▸ **Task objective**
Starting at the line below that contains "- tlg.) T-Shirt" and ending at the line that contains "S/S 2003 Alexander", retype each line exactly as it stands, but omit the pictures.

▸ **Listed entries**
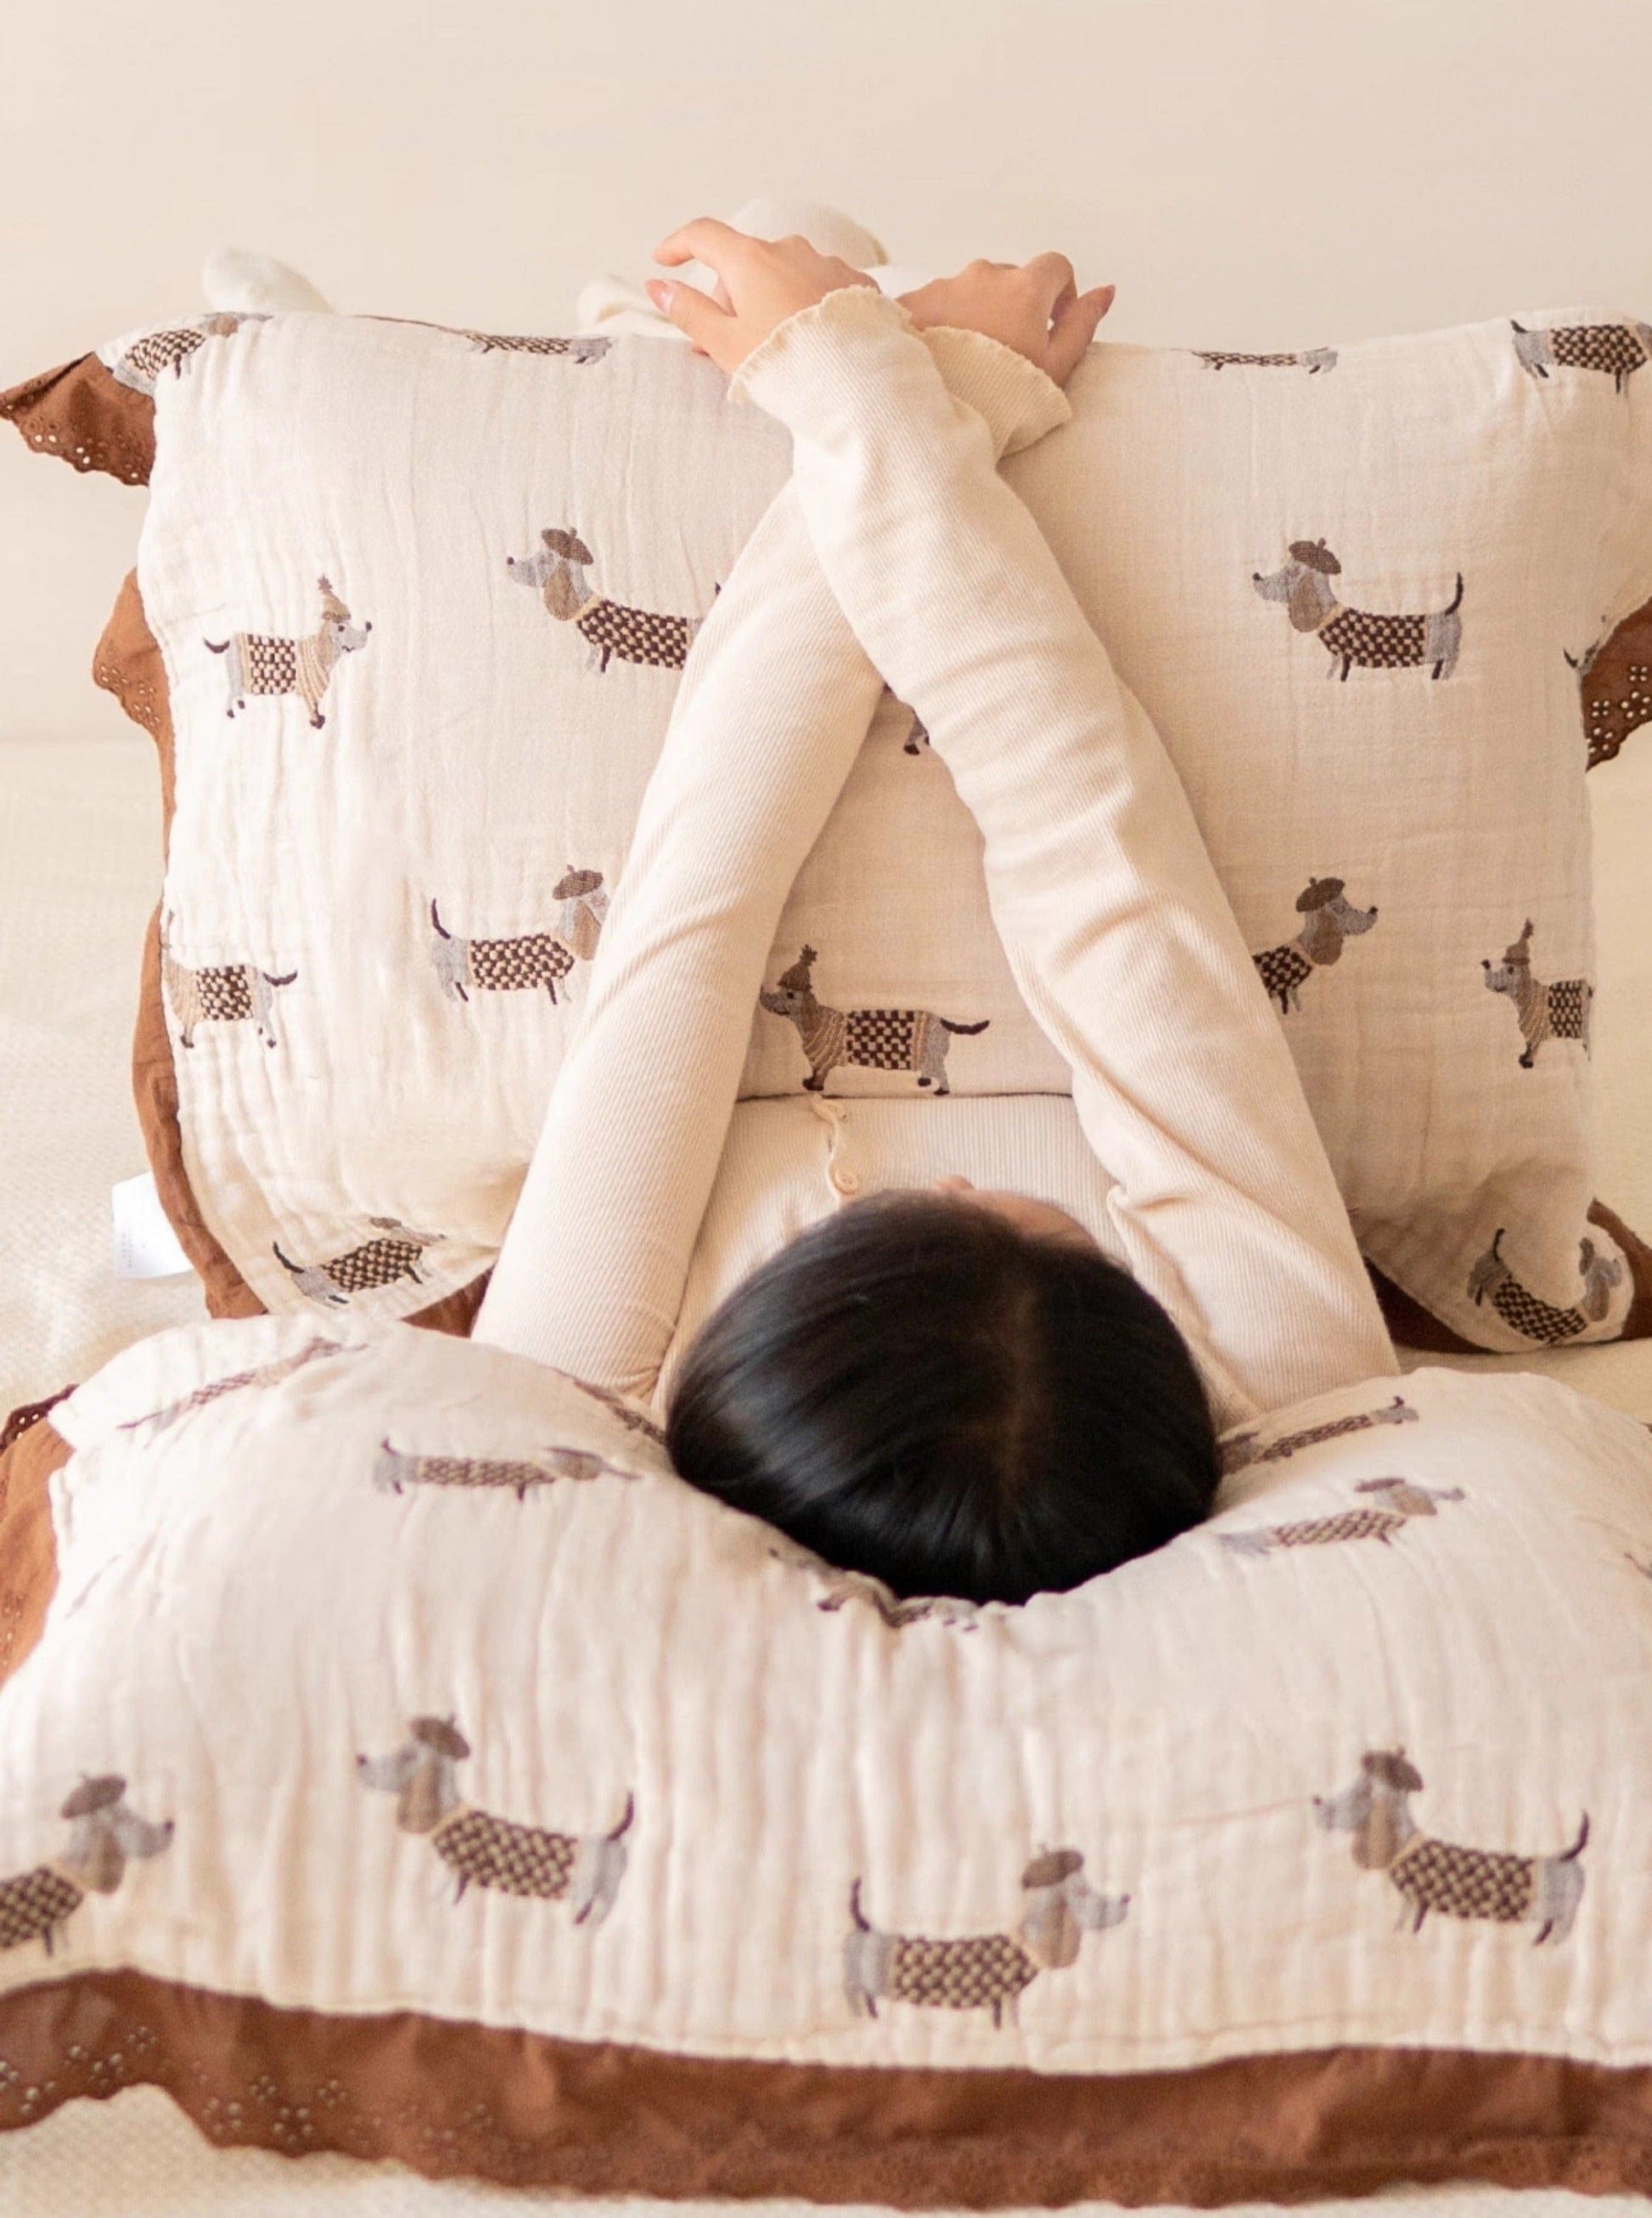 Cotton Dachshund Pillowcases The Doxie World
==
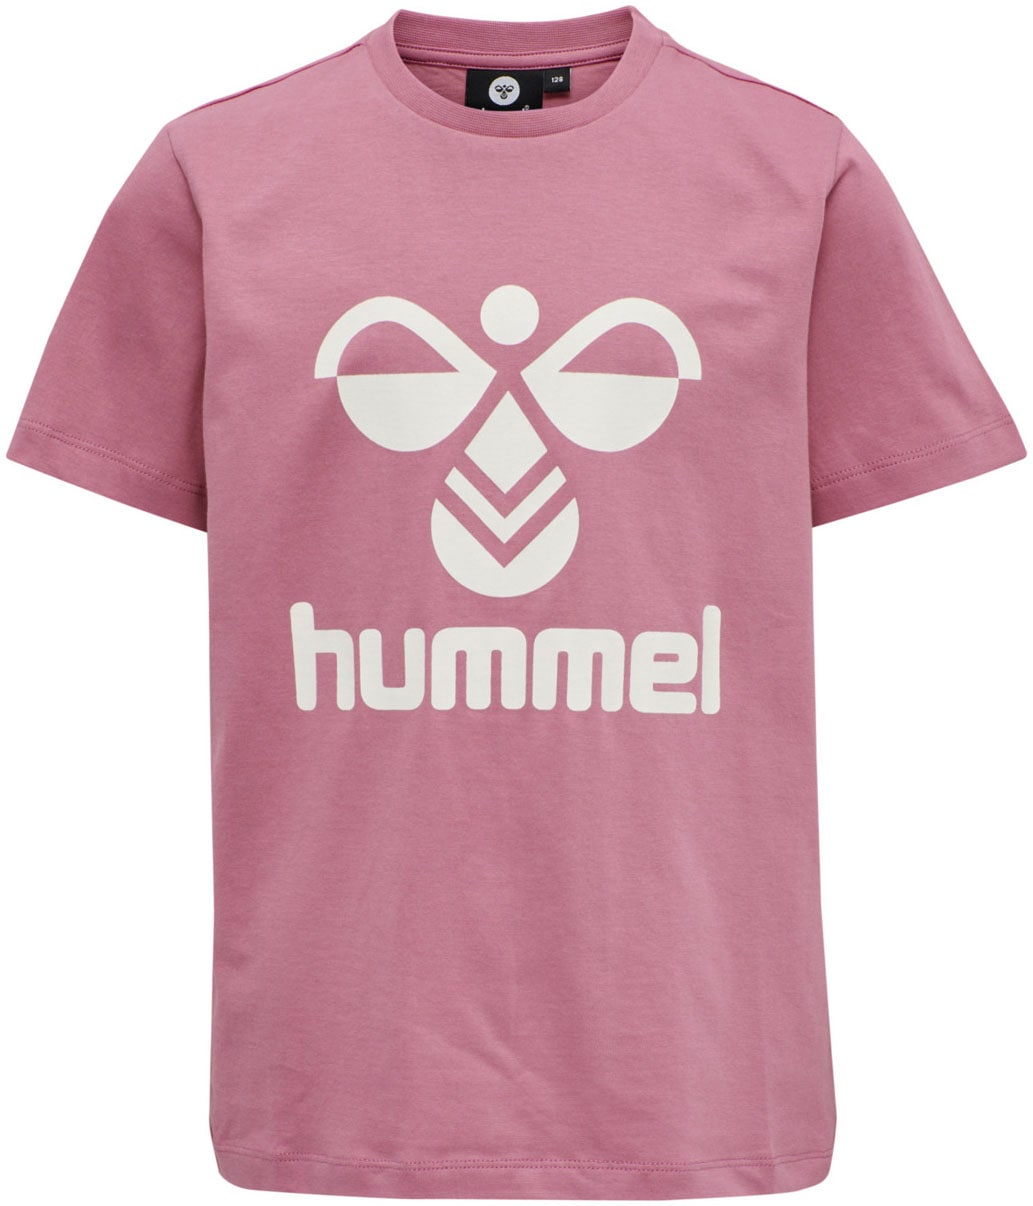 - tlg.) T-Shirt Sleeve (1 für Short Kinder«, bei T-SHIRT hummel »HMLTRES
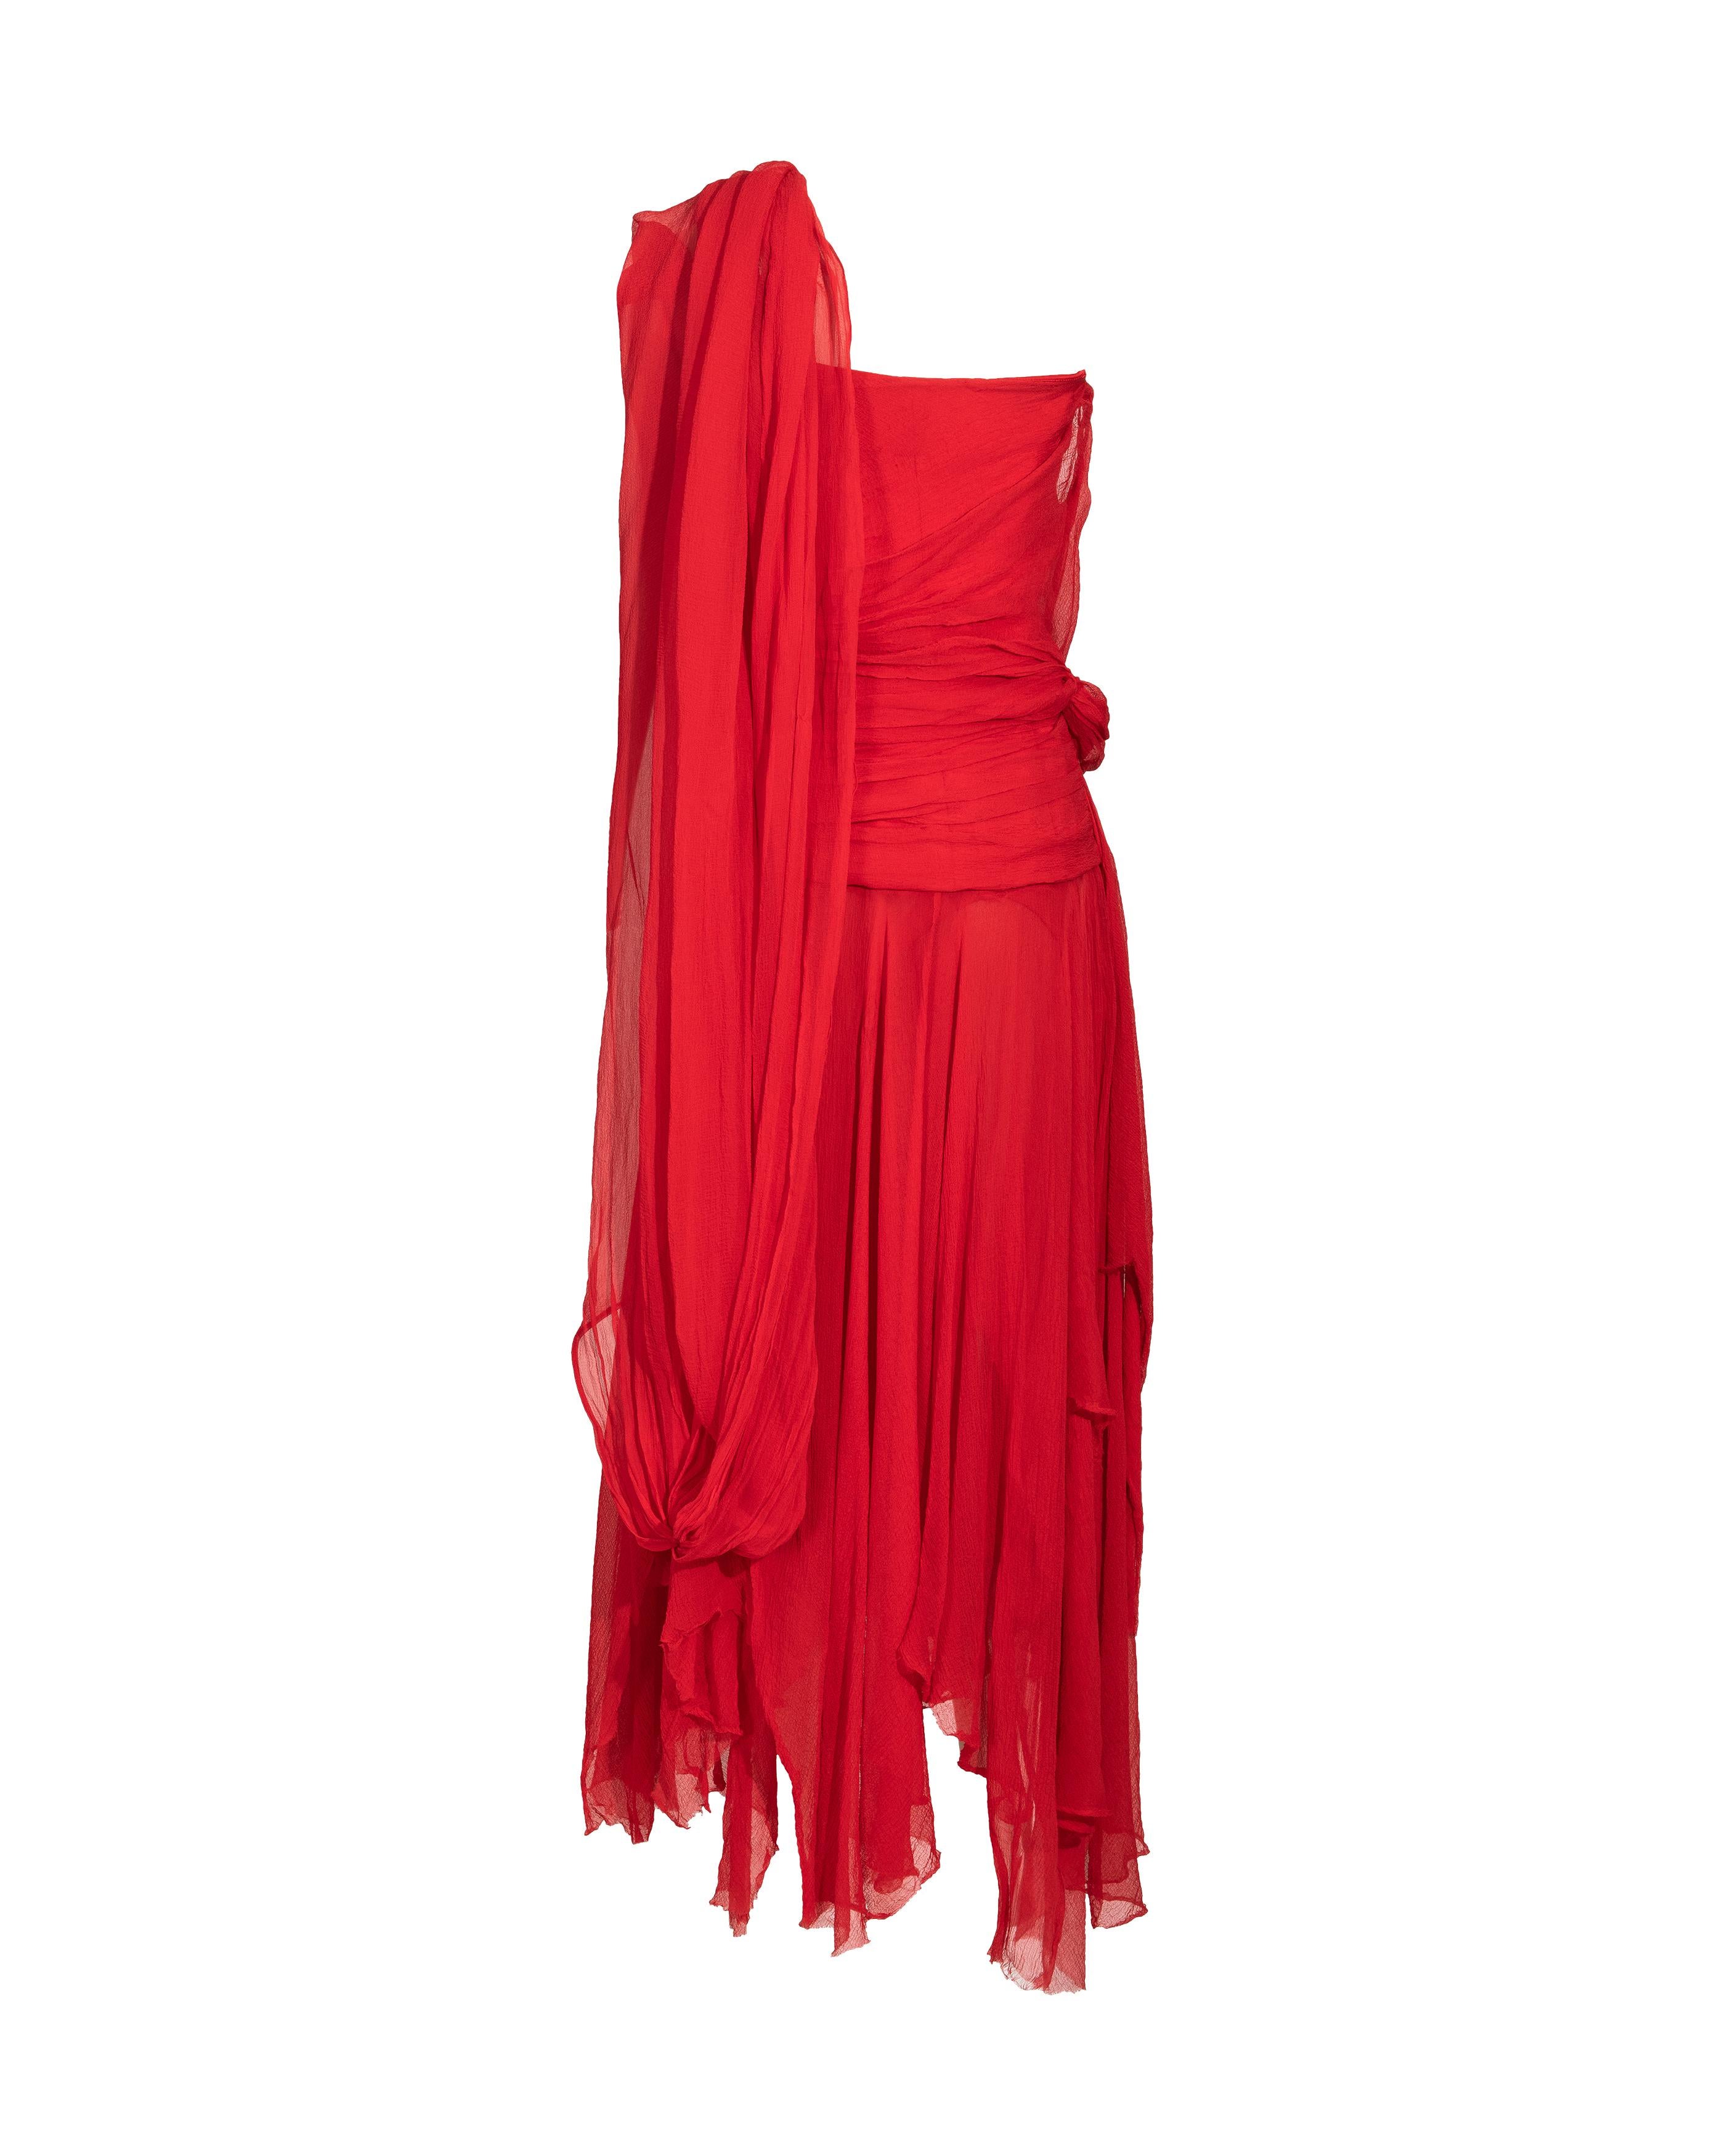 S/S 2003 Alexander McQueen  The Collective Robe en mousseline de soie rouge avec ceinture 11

▸ **Reply**
 - tlg.) T-Shirt Sleeve (1 für Short Kinder«, bei T-SHIRT hummel »HMLTRES
 S/S 2003 Alexander McQueen  The Collective Robe en mousseline de soie rouge avec ceinture 11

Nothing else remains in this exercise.